Complex data cleaning using regex on python

Question

I have data in devanagari that needs some extraction to be done. This is an example of a few lines

तत् इदम् <गीता-शास्त्रम्>K7 <<<<<समस्त-वेद>K1-अर्थ>T6-सार>T6-संग्रह>T6-भूतम्>T2 <दुर्विज्ञेय-अर्थम्>K1 <<तत्-अर्थ>T6-आविष्करणाय>T6 अनेकैः <विवृत-<<<पद-<पद-अर्थ>T6-<वाक्य-अर्थ>T6>Di-न्यायम्>T6>Bs6 अपि <<अत्यन्त-विरुद्ध>K1-<अनेक-अर्थ>K1>K1 त्वेन लौकिकैः गृह्यमाणम् उपलभ्य अहम् विवेकतः <<अर्थ-निर्धारण>T6-अर्थम्>T4 संक्षेपतः विवरणम् करिष्यामि

<अभ्युदय-अर्थः>T4 अपि यः <प्रवृत्ति-लक्षणः>Bs6 धर्मः वर्णान् आश्रमान् च उद्दिश्य विहितः सः <<<<देव-आदि>Bs6-स्थान>T6-प्राप्ति>T6-हेतुः>T6 अपि सन् <<ईश्वर-अर्पण>T6-बुद्ध्या>T6 अनुष्ठीयमानः <सत्त्व-शुद्धये>T6 भवति <<फल-अभिसन्धि>T6-वर्जितः>T3

The alphanumerics are the tags of the text.

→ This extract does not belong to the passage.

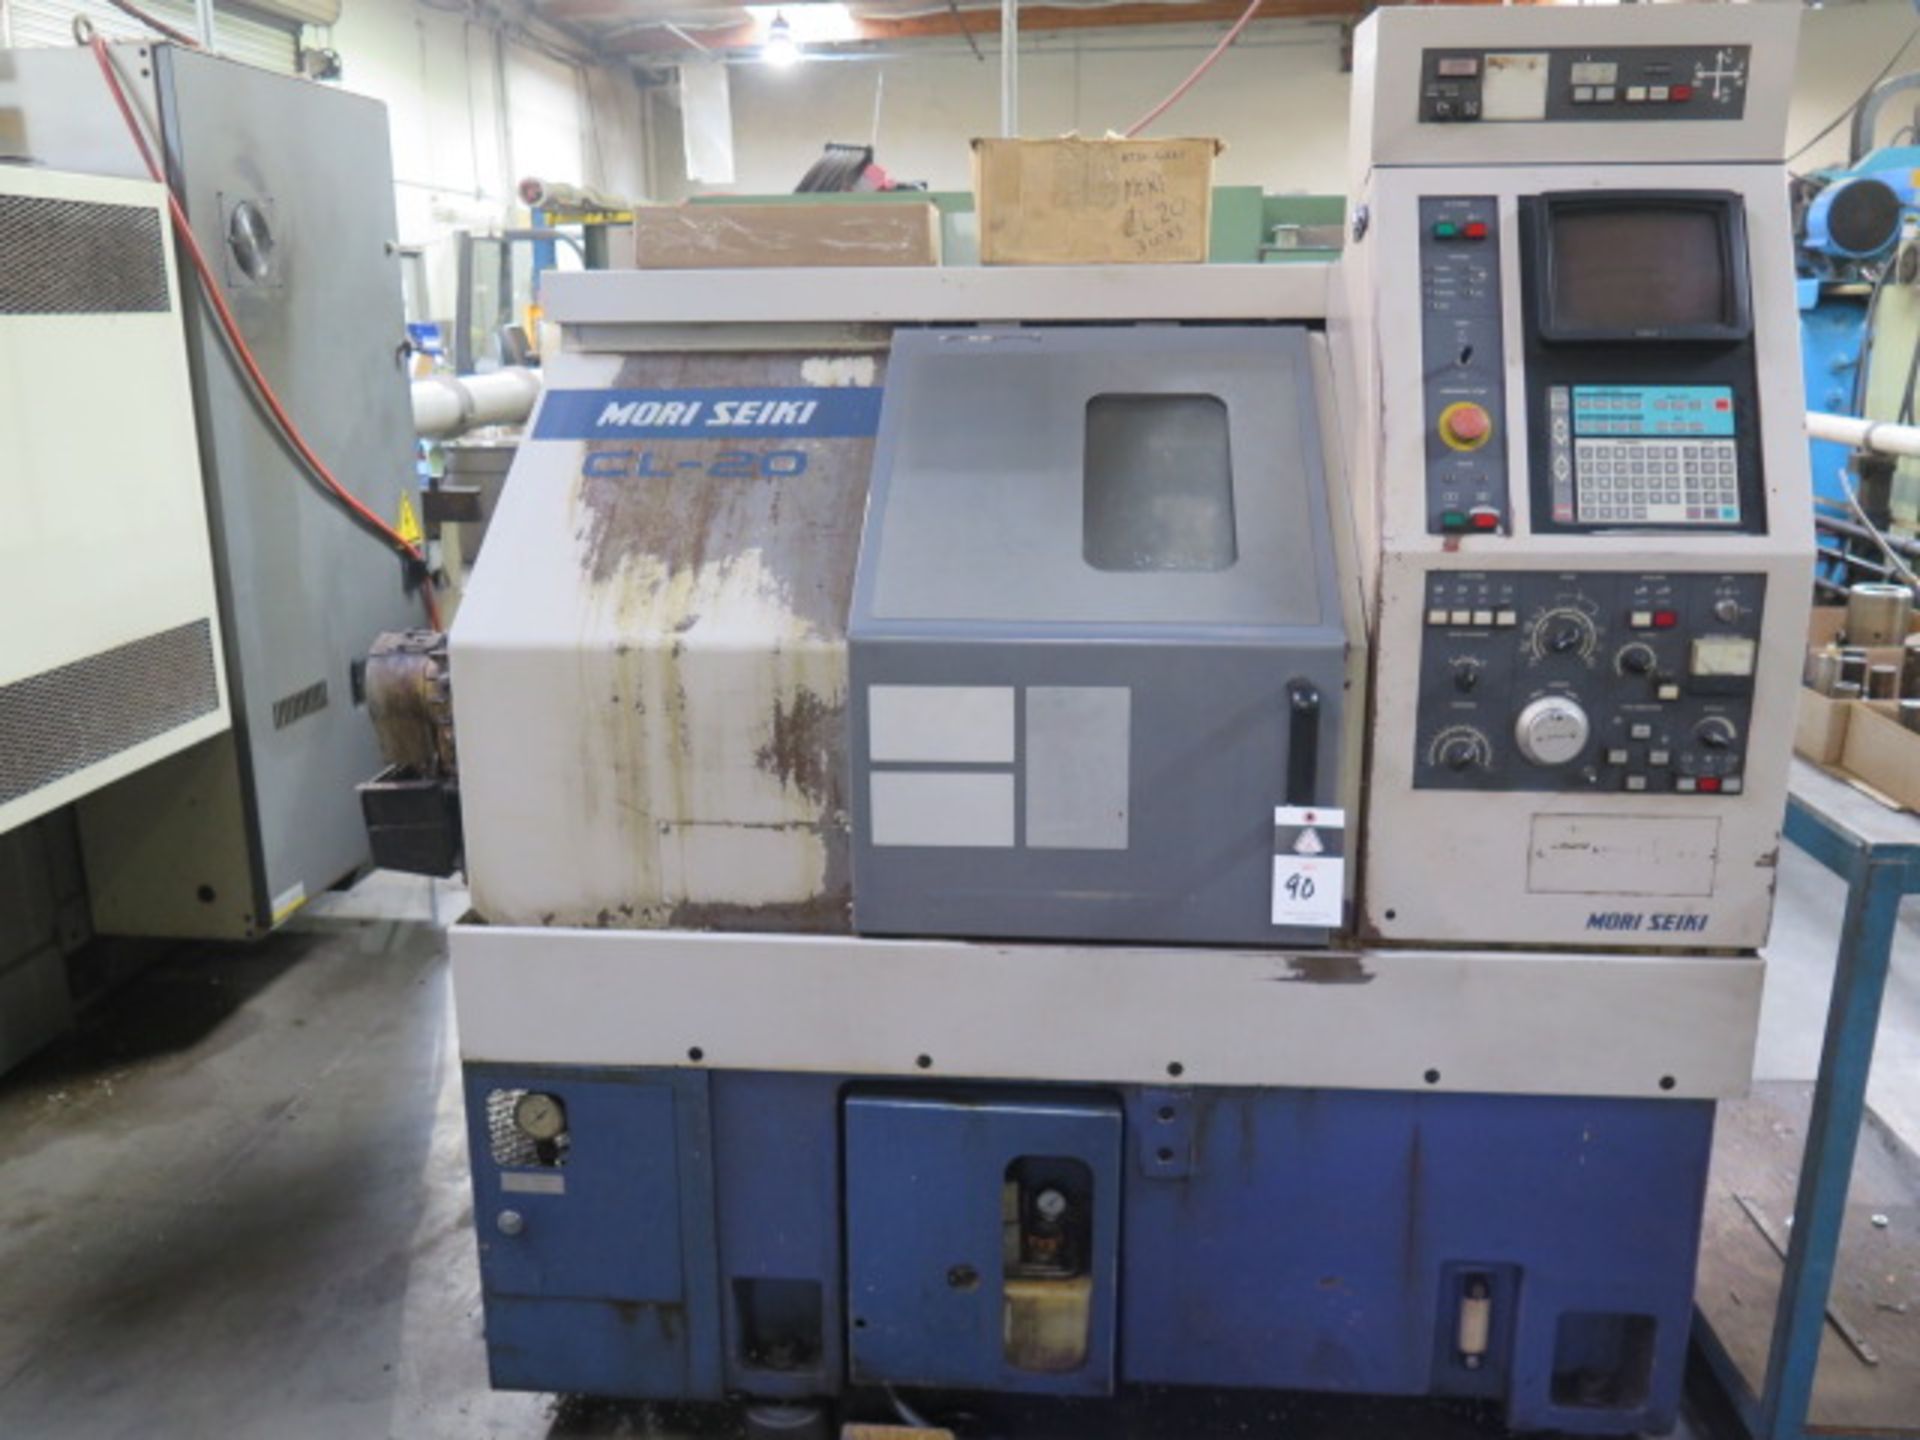 Mori Seiki CL-20A CNC Lathe s/n 544 w/ Yasnac Controls, Tool Presetter, 10-Station, SOLD AS IS

I need to extract the binary compounds along with their tags (the alphanumerics immediately after the compound) from the line. Binary compounds are the two words hyphenated in the angular brackets.

<अभ्युदय-अर्थः>

<गीता-शास्त्रम्>

<विवृत-<<<पद-<पद-अर्थ>T6-<वाक्य-अर्थ>T6>Di-न्यायम्>T6>Bs6

The first two are both examples of binary compounds whereas the third one is not. The simplest way to identify a binary compound is to find two words hyphenated enclosed by one set of angular brackets and followed by a single tag. So after extraction, of say the first line, I should get a list with this in it <गीता-शास्त्रम्>K7, <दुर्विज्ञेय-अर्थम्>K1

The code that I tried was this

import re
cw = re.findall('\<(.*?)\>', f)
tags = re.findall('[a-zA-Z0-9]+', f)
cc = re.sub("[\<\>a-zA-z0-9]", '', f)
print(cw, tags, cc)

This, unfortunately, finds everything in a list but I cannot map the tags to their original compounds this way. Is there a more intuitive way to do this?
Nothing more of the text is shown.